Supplied information: Begin
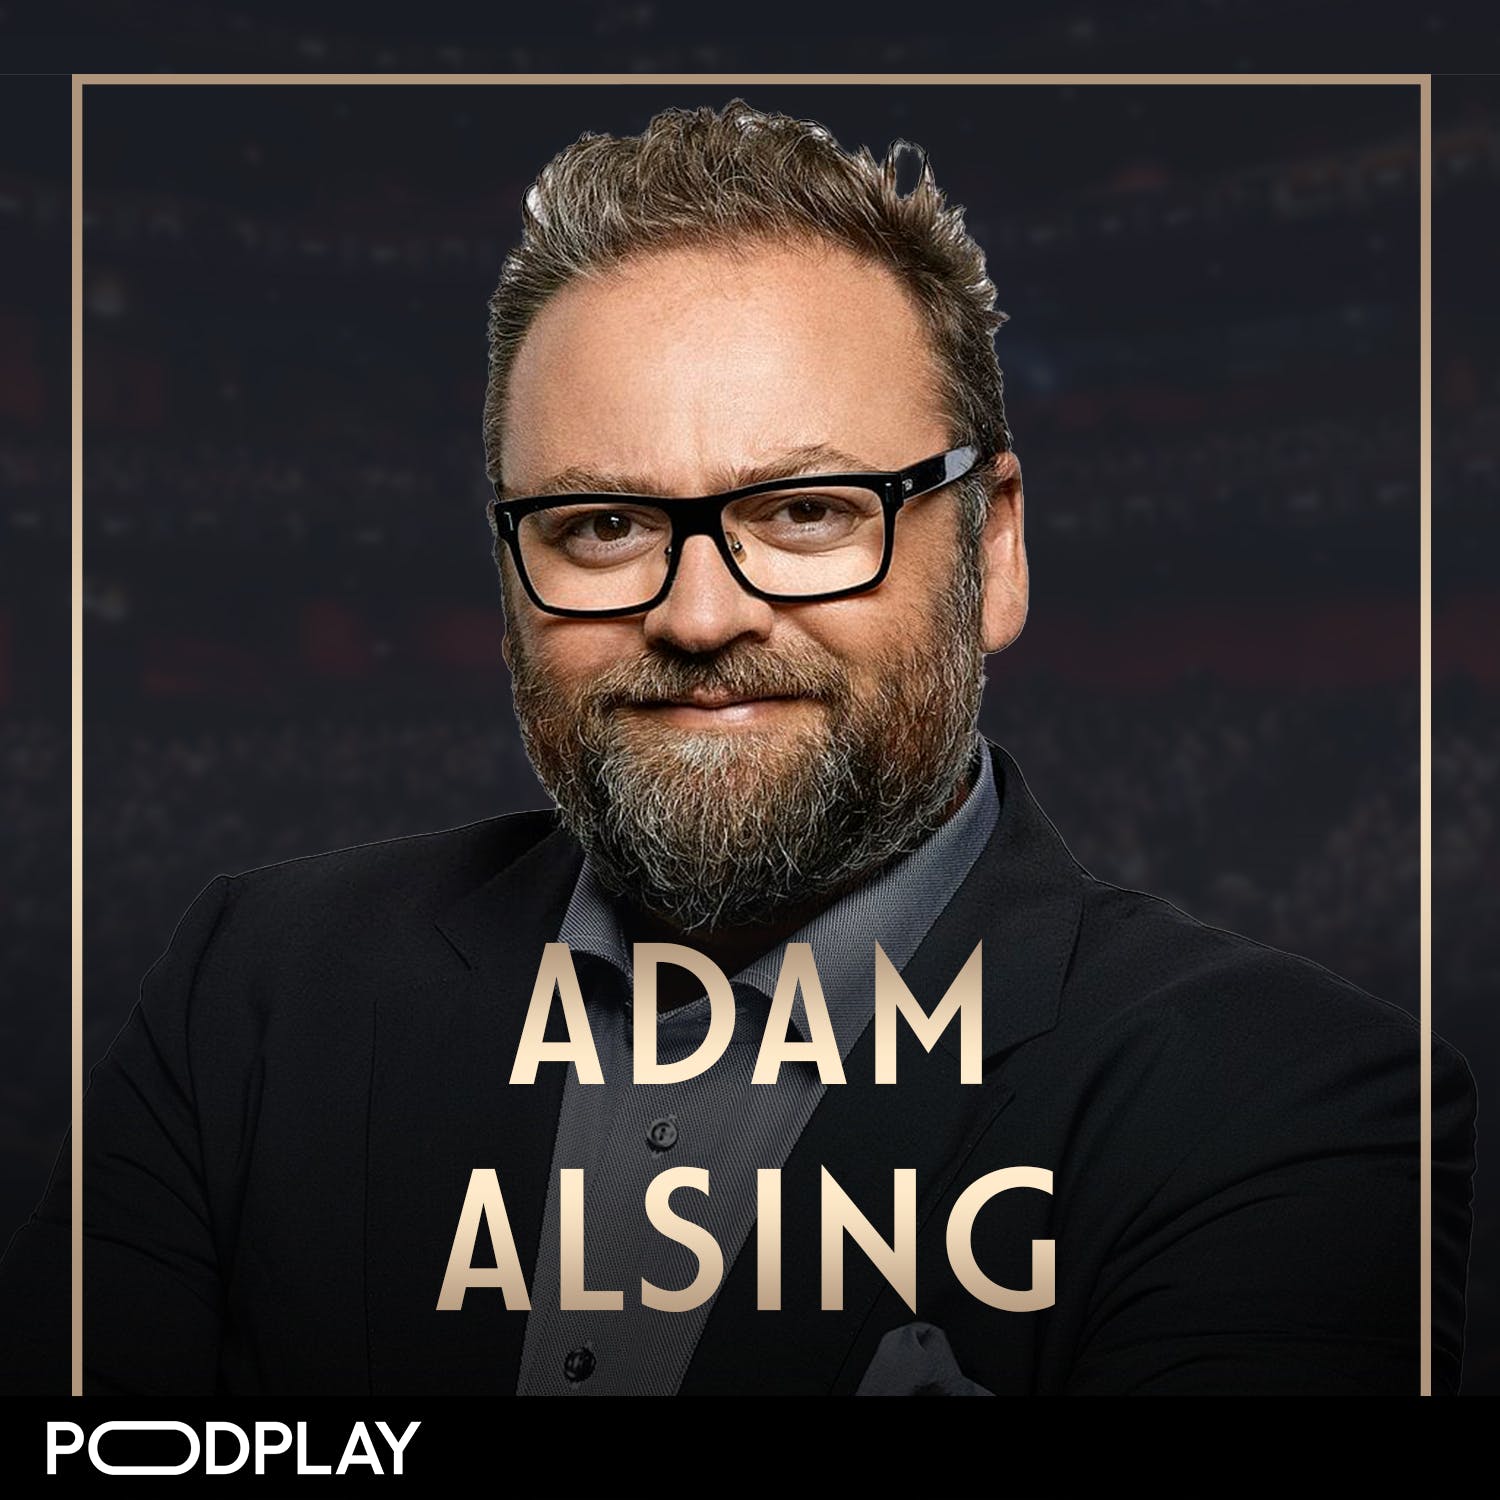 241. Adam Alsing, Förlorade allt - nådde framgång, Original
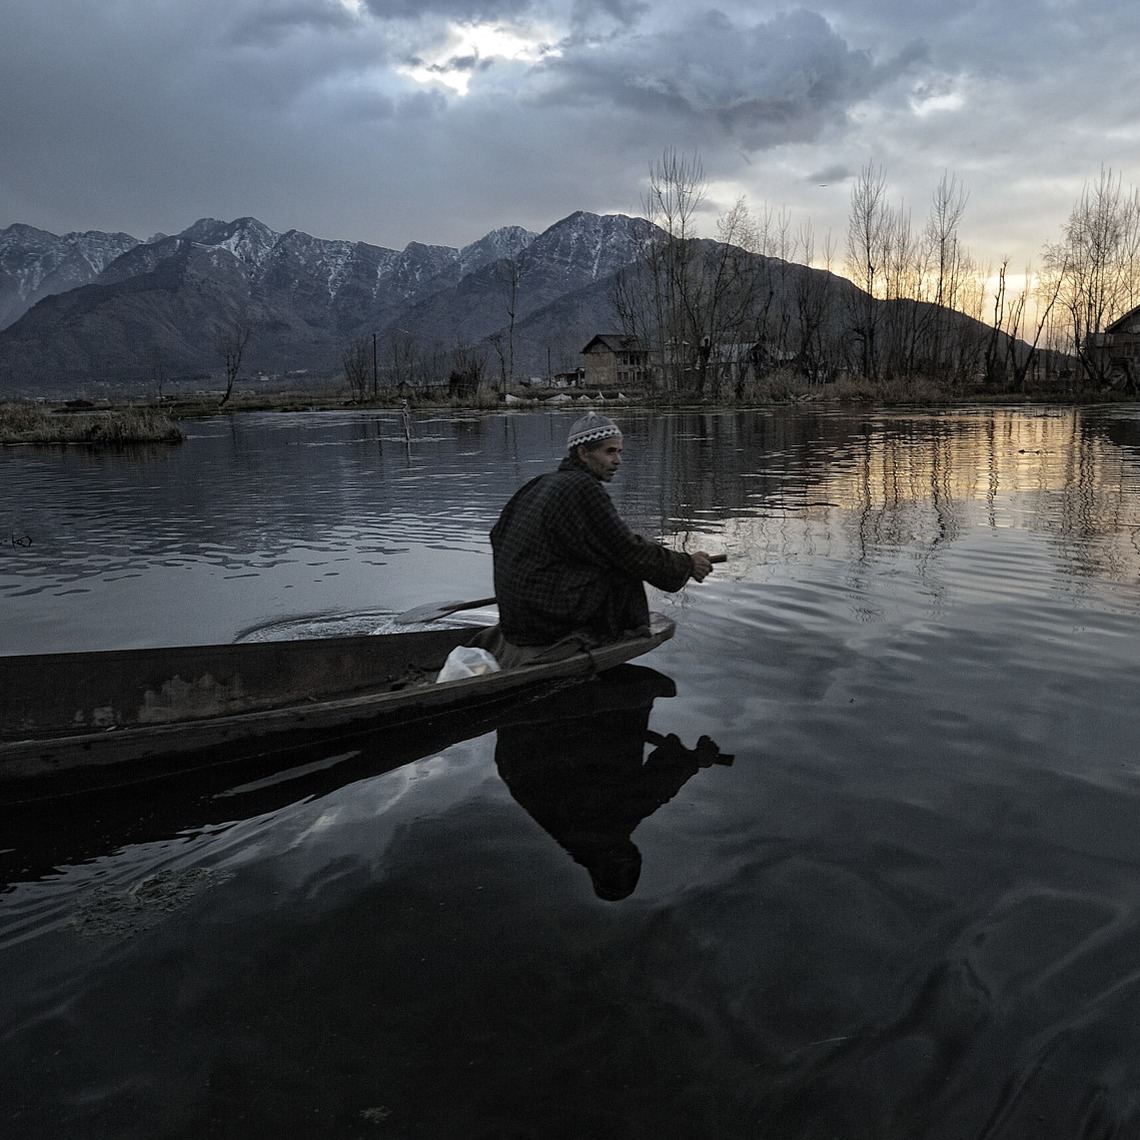 Srinagar, lungo lago, nord India, viaggio fotografico, fotografia, fotografo, workshop
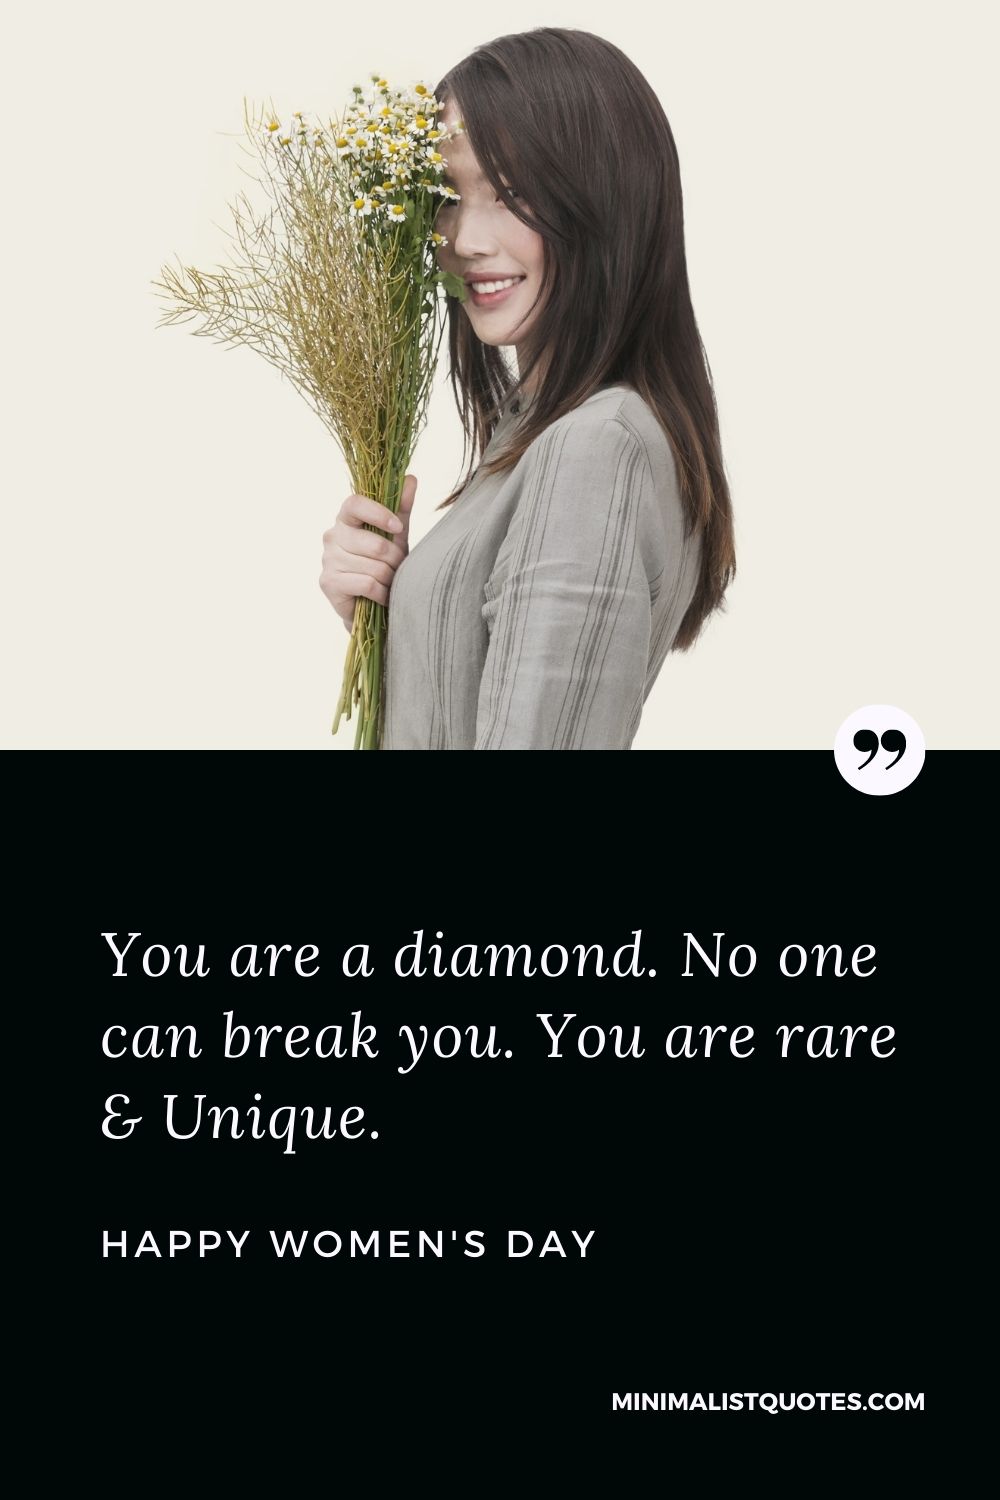 You are a diamond. No one can break you. You are rare & Unique ...
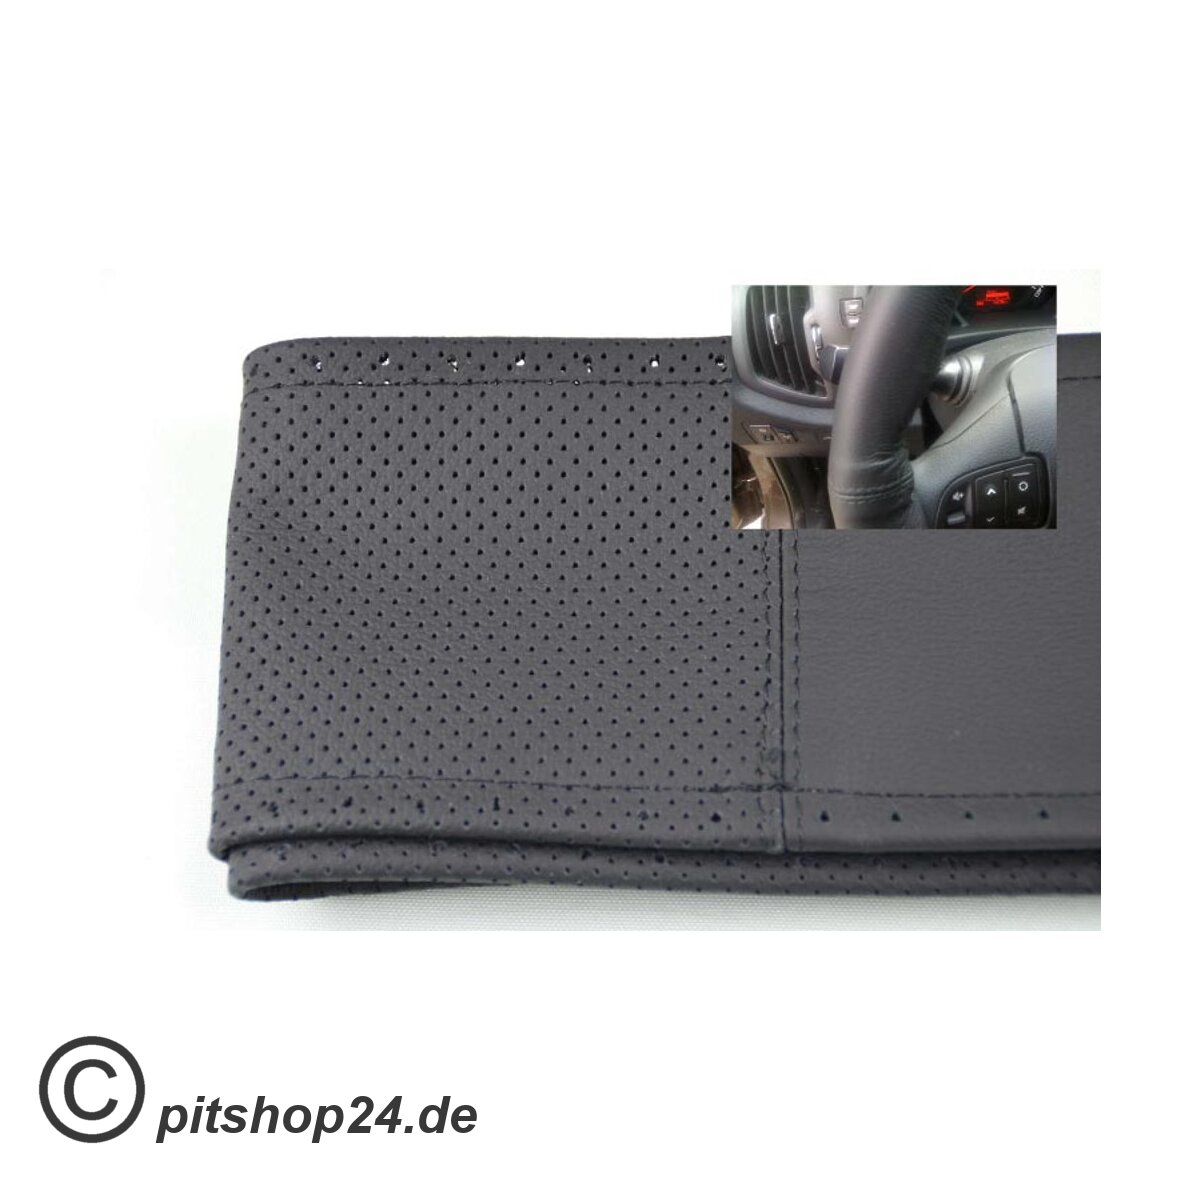 https://pitshop24.de/media/image/product/412/lg/lenkradschoner-lenkradbezug-lenkradhuelle-leder-groesse-o-m-37-38-cm-perforiert-schwarz.jpg
Supplied information: End
• _Exercise directions_:
Every line of the data above should be returned exactly, with the pictures removed.

• _Exercise output_:
 241. Adam Alsing, Förlorade allt - nådde framgång, Original
 Srinagar, lungo lago, nord India, viaggio fotografico, fotografia, fotografo, workshop
 You are a diamond. No one can break you. You are rare & Unique ...
 https://pitshop24.de/media/image/product/412/lg/lenkradschoner-lenkradbezug-lenkradhuelle-leder-groesse-o-m-37-38-cm-perforiert-schwarz.jpg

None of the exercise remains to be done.